Babel (David B.)

P our longtemps semble-t-il, le nom de David B. restera indissociable de l'Ascension du Haut Mal, cette œuvre autobiographique obsédante où l'auteur a relaté la part déterminante qu'a pris dans sa vie la maladie dont souffrait son frère aîné, à savoir, l'épilepsie. Achevé à la fin de l'année dernière, ce cycle se voit aujourd'hui magnifiquement complété par un album à la présentation inhabituelle.

C'est que Babel inaugure une ambitieuse collection née de la collaboration de Coconino Press avec Vertige Graphic. Baptisée " Ignatz ", elle rend hommage à l'œuvre de George Herriman en qui les éditeurs voient " l'inventeur de la bande dessinée poétique ". Précisément, l'univers si particulier de David B. est tout empreint de poésie. L'auteur a trouvé ici l'occasion d'exprimer dans une forme nouvelle les thèmes qui lui sont chers. Ceux-ci sont formulés sur le quatrième plat de l'album : " rêves, mythologie, souvenirs, histoires " et sont développés à travers six chapitres où l'auteur procède à une exploration par petites touches.

C'est une évocation des rêves marquants de David B. où apparaissent les figures des " ancêtres " ou du " roi du monde ". C'est un retour sur la maladie de son frère mais cette fois réalisé dans une approche plus distanciée que dans l'Ascension du haut-mal. C'est aussi l'occasion d'un exposé clair mais sans didactisme des tenants et aboutissants de la guerre du Biafra où l'auteur stigmatise tant l’impact que l'inconsistance d'un traitement télévisuel dont il fût, comme beaucoup, enfant, le témoin innocent. Enfin, en faisant par deux fois écho à Little Nemo, cette oeuvre fondatrice de Winsor McCay, David B. affiche sa volonté d'inscrire son travail dans une certaine filiation artistique.
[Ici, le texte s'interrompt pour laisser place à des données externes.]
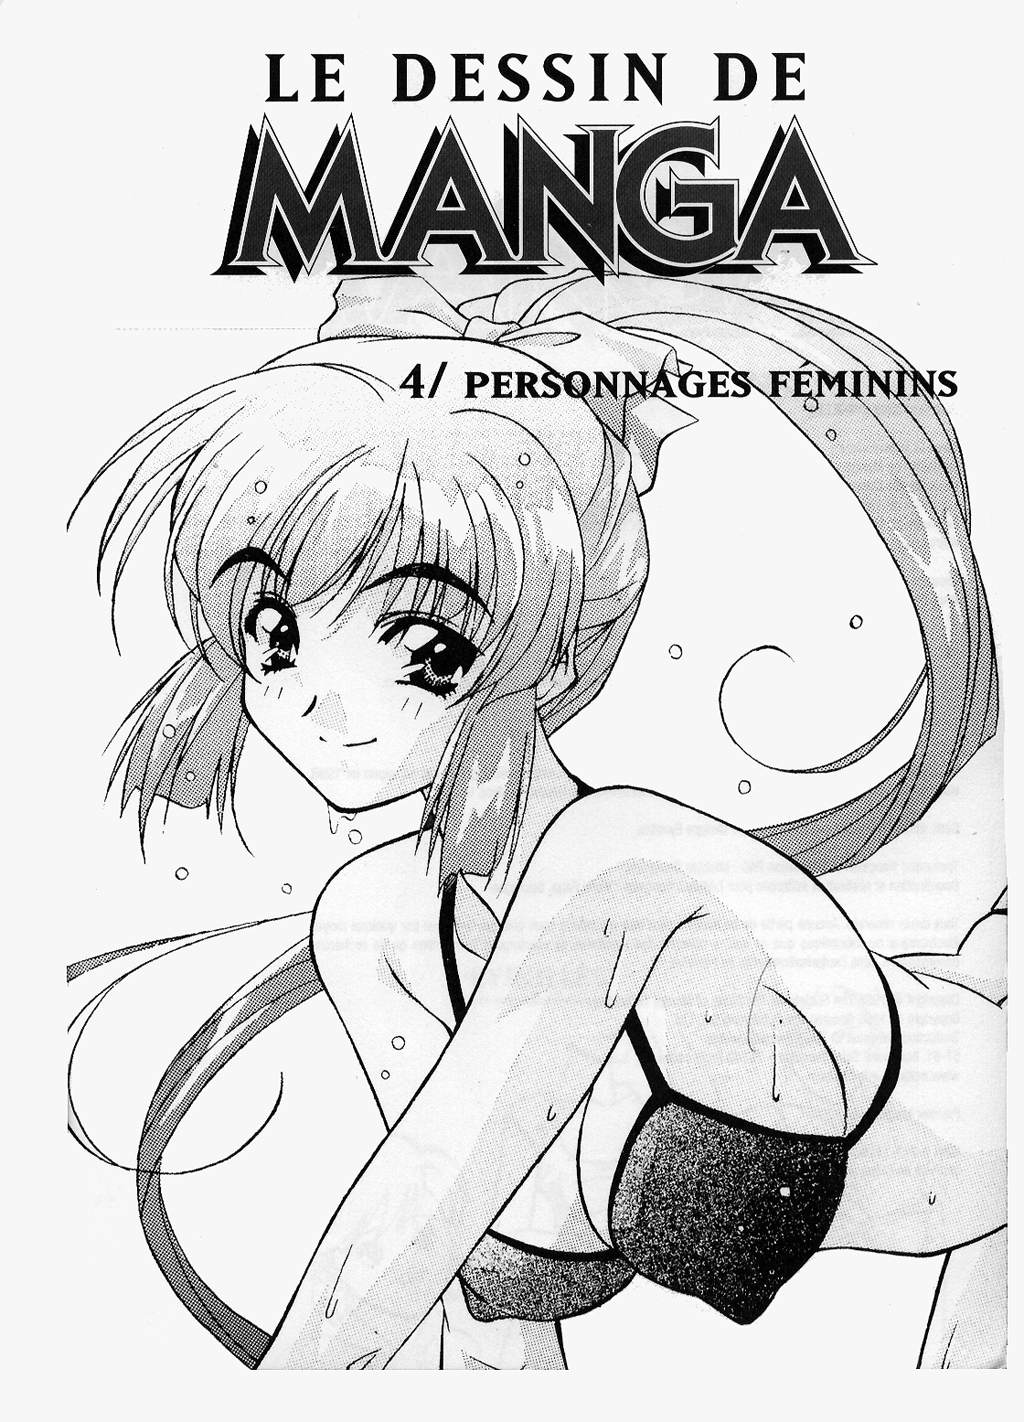 Le dessin du Manga 04 - Personnages feminin, Attitudes, Expressions numero d'image 1

La disparité des sujets abordés est assumée (la première page qui s'offre à nous est malicieusement intitulée " du coq à l'âne "), mais elle est tenue par la cohérence du traitement narratif et graphique. Car le bestiaire propre à David B. est rendu par un dessin précis et hiératique qui rappelle les arts primitifs comme l'art médiéval. Ces aspects sont contrebalancés par la spontanéité et le dynamisme qui animent les compositions. Répondant aux exigences du concept, le format de l'album (presque carré), et sa maquette soignée sont une invitation à une lecture originale.

Les lecteurs de David B. trouveront dans cet album un complément admirable à l'Ascension du Haut Mal. Quant aux autres, c'est pour eux la plus belle occasion de se familiariser avec l'univers de cette figure incontournable de la création actuelle.